* [Directions]: Repeat the data word for word, excluding every picture.

--- Stored data ---

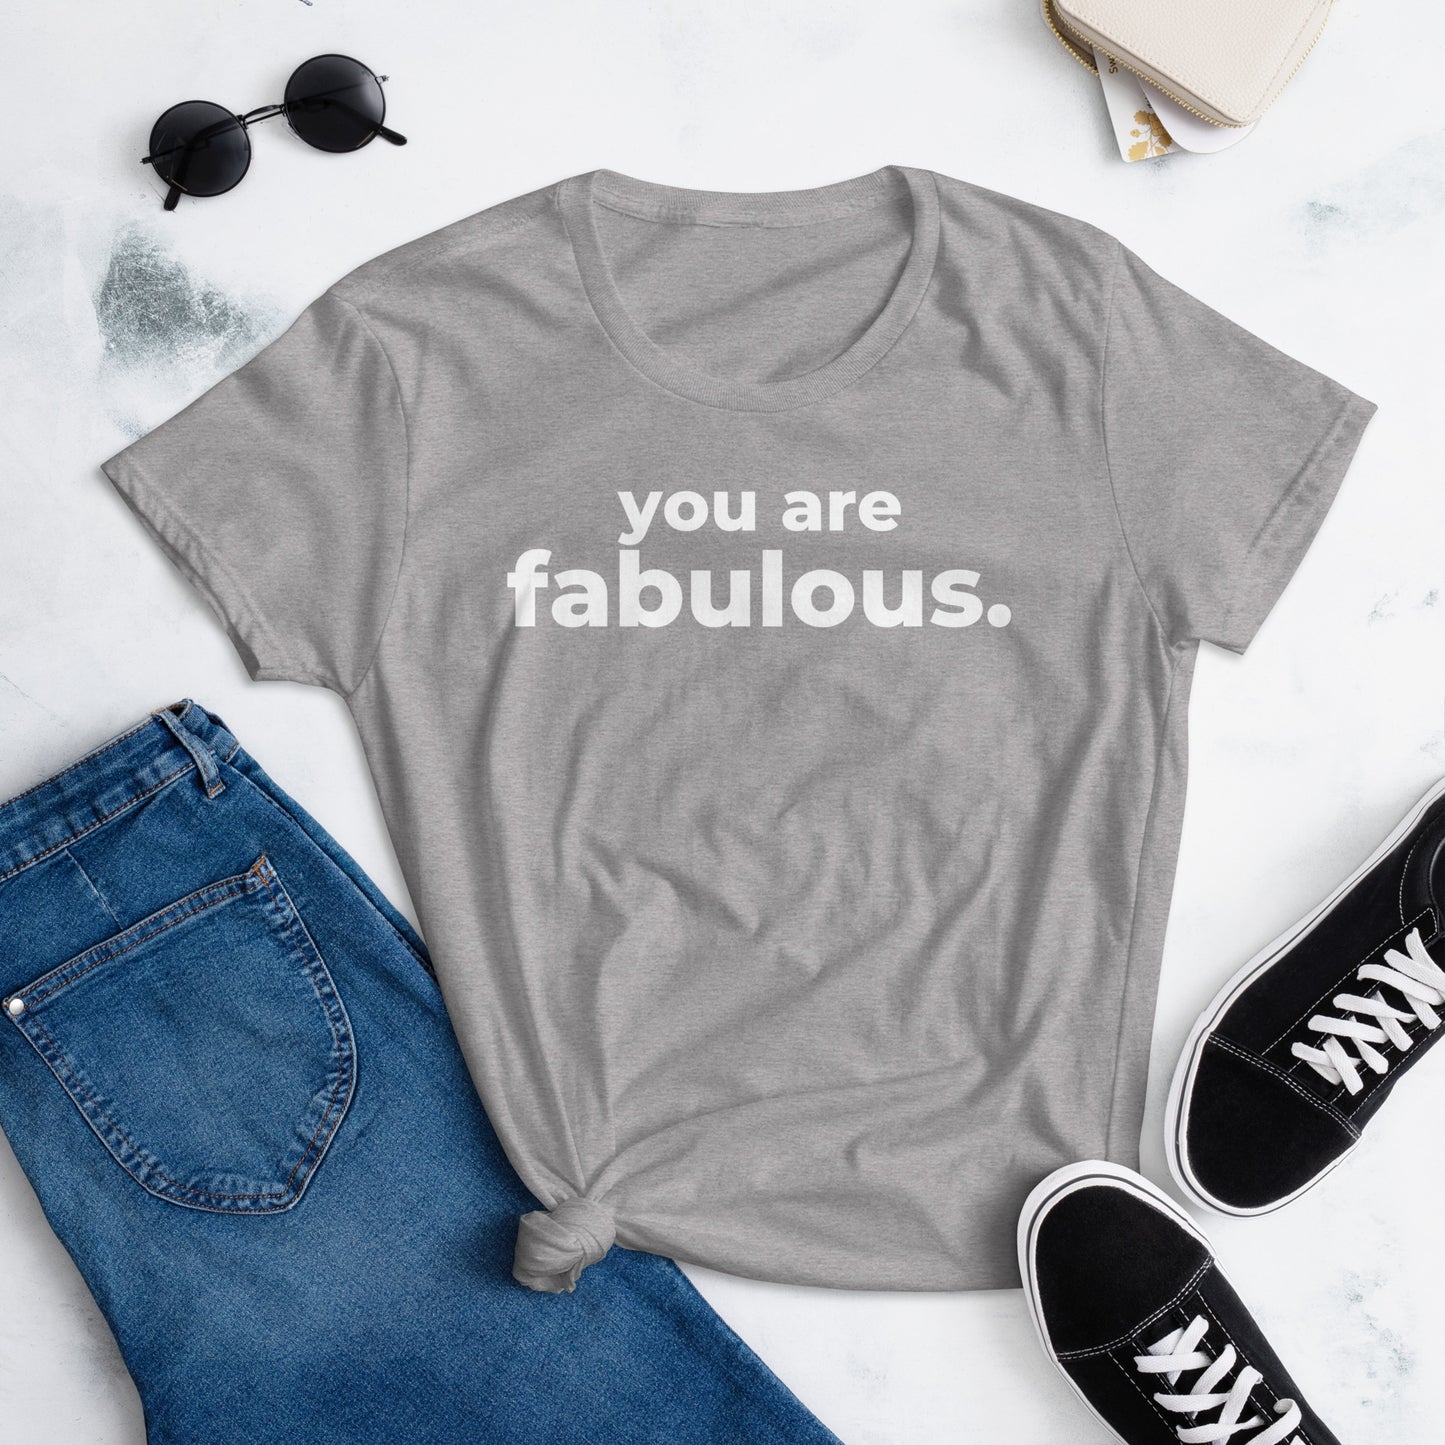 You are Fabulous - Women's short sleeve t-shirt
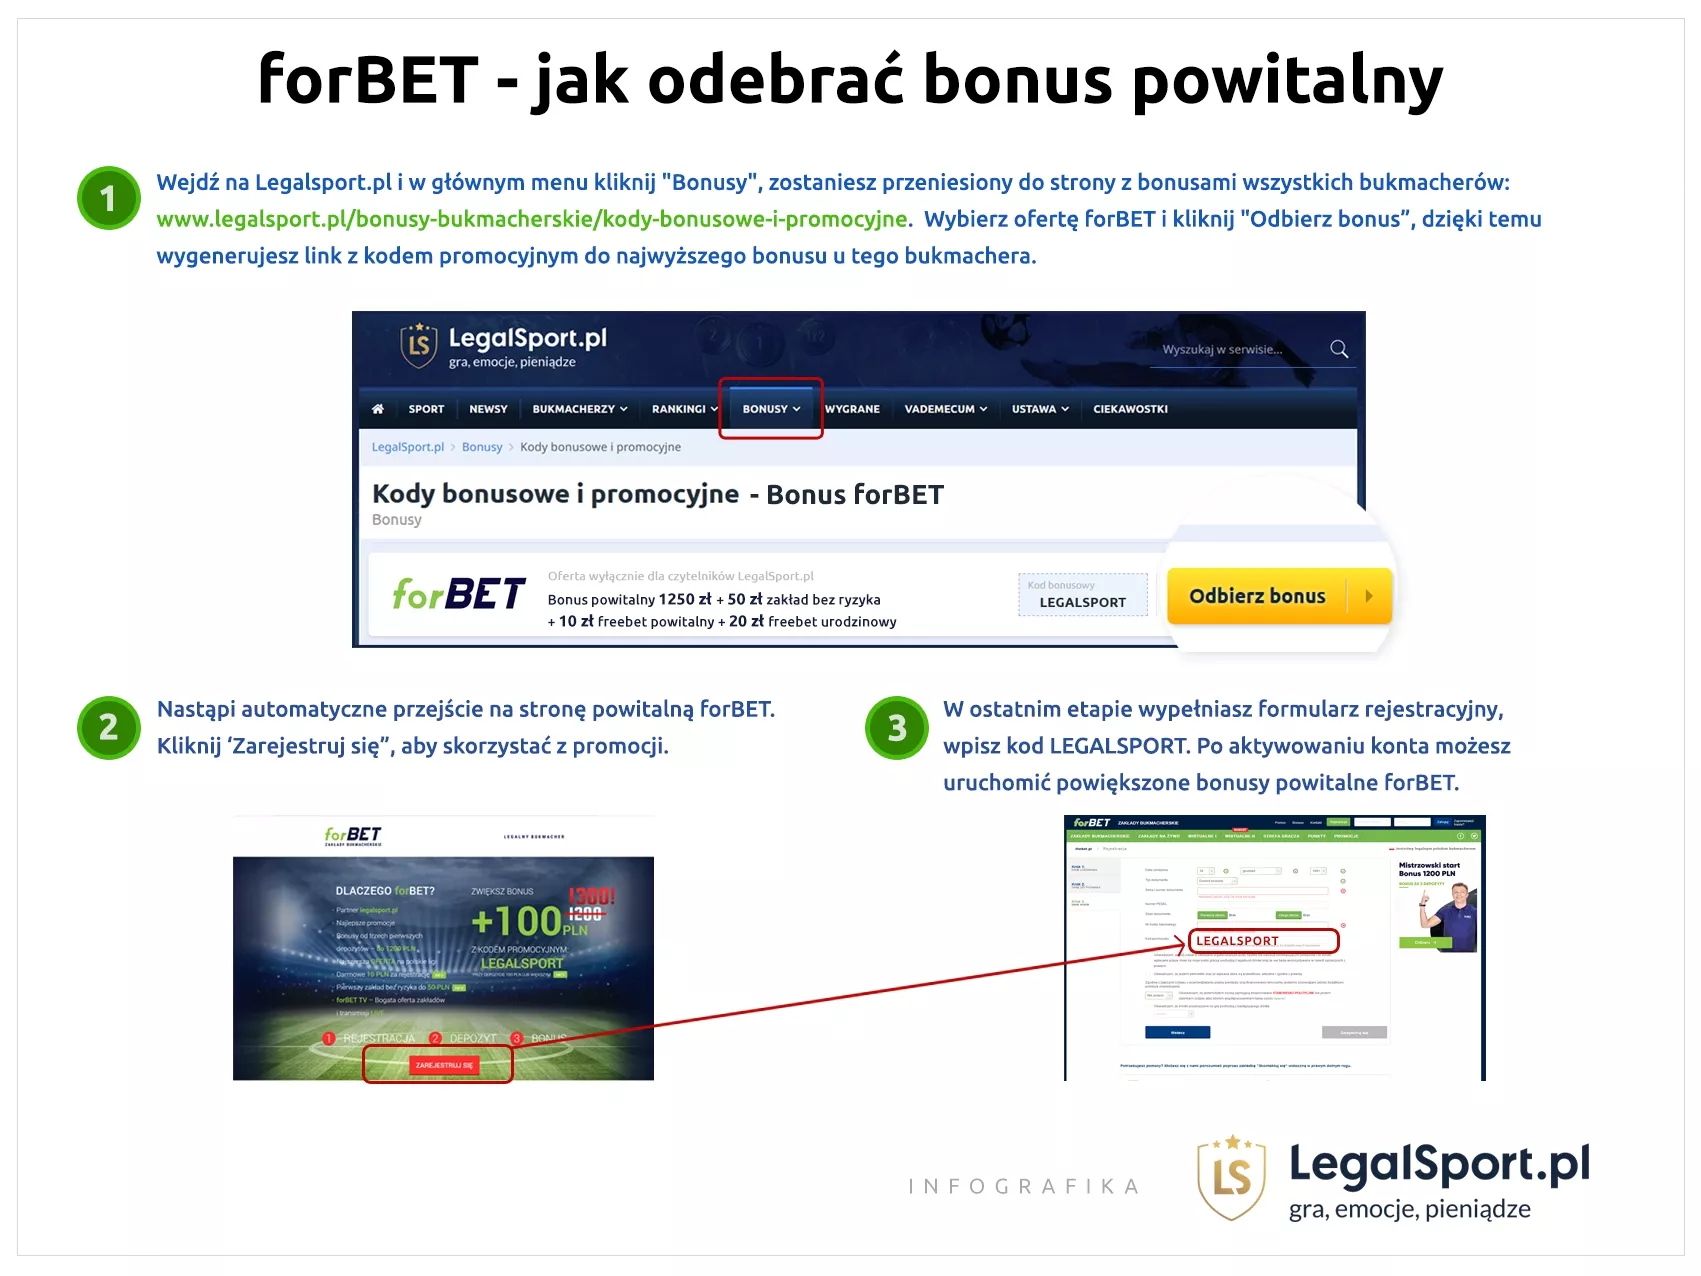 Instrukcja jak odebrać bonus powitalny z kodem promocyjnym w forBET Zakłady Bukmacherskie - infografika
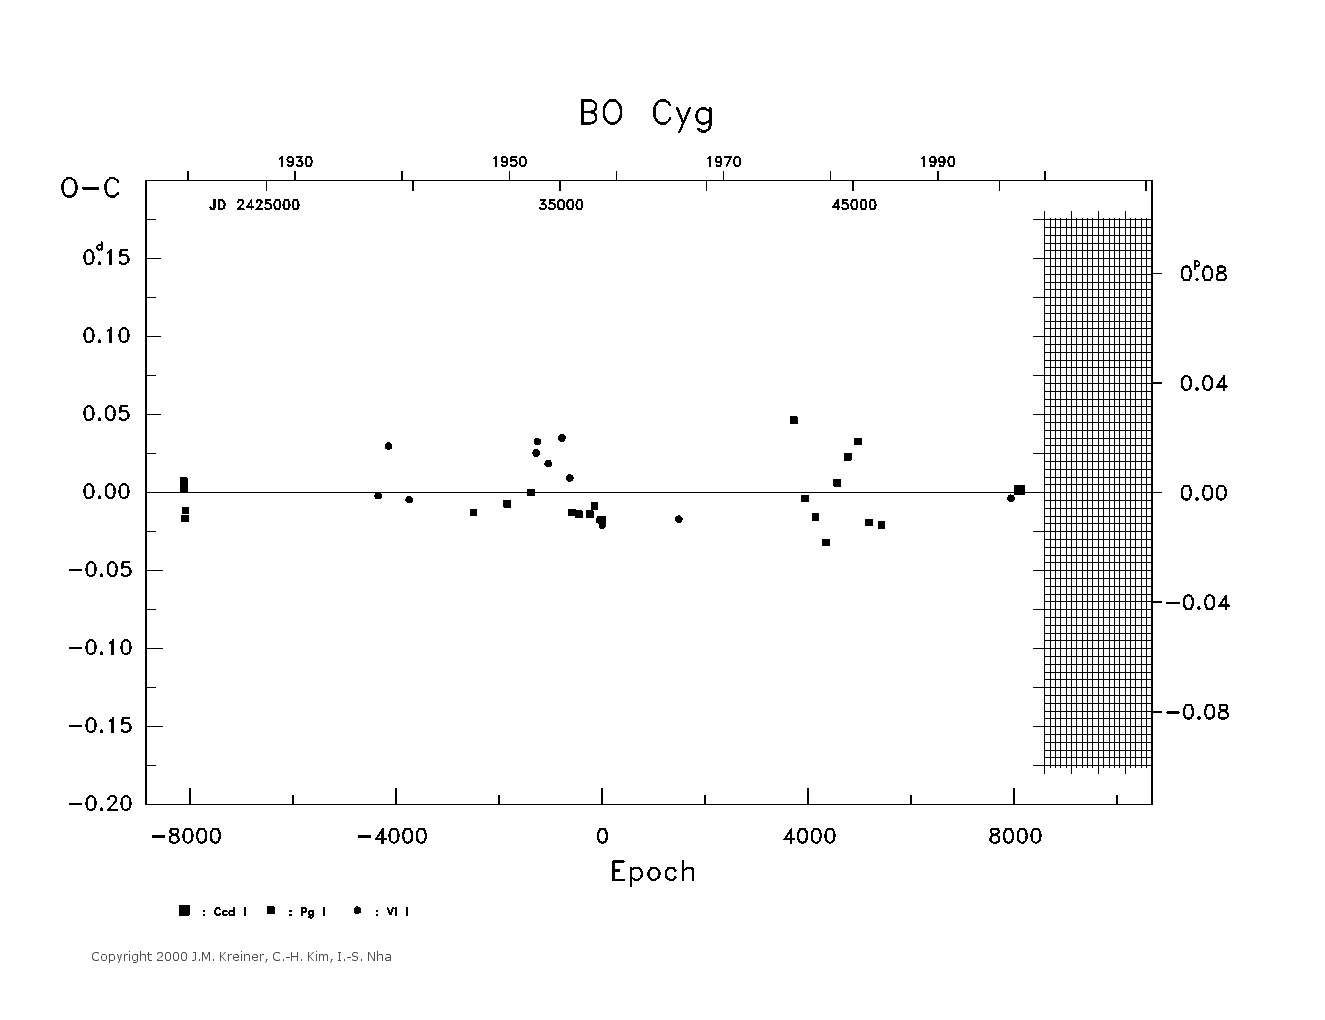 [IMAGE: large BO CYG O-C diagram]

---

* [Response below]:
 You are Fabulous - Women's short sleeve t-shirt
 Instrukcja jak odebrać bonus powitalny z kodem promocyjnym w forBET Zakłady Bukmacherskie - infografika
 [IMAGE: large BO CYG O-C diagram]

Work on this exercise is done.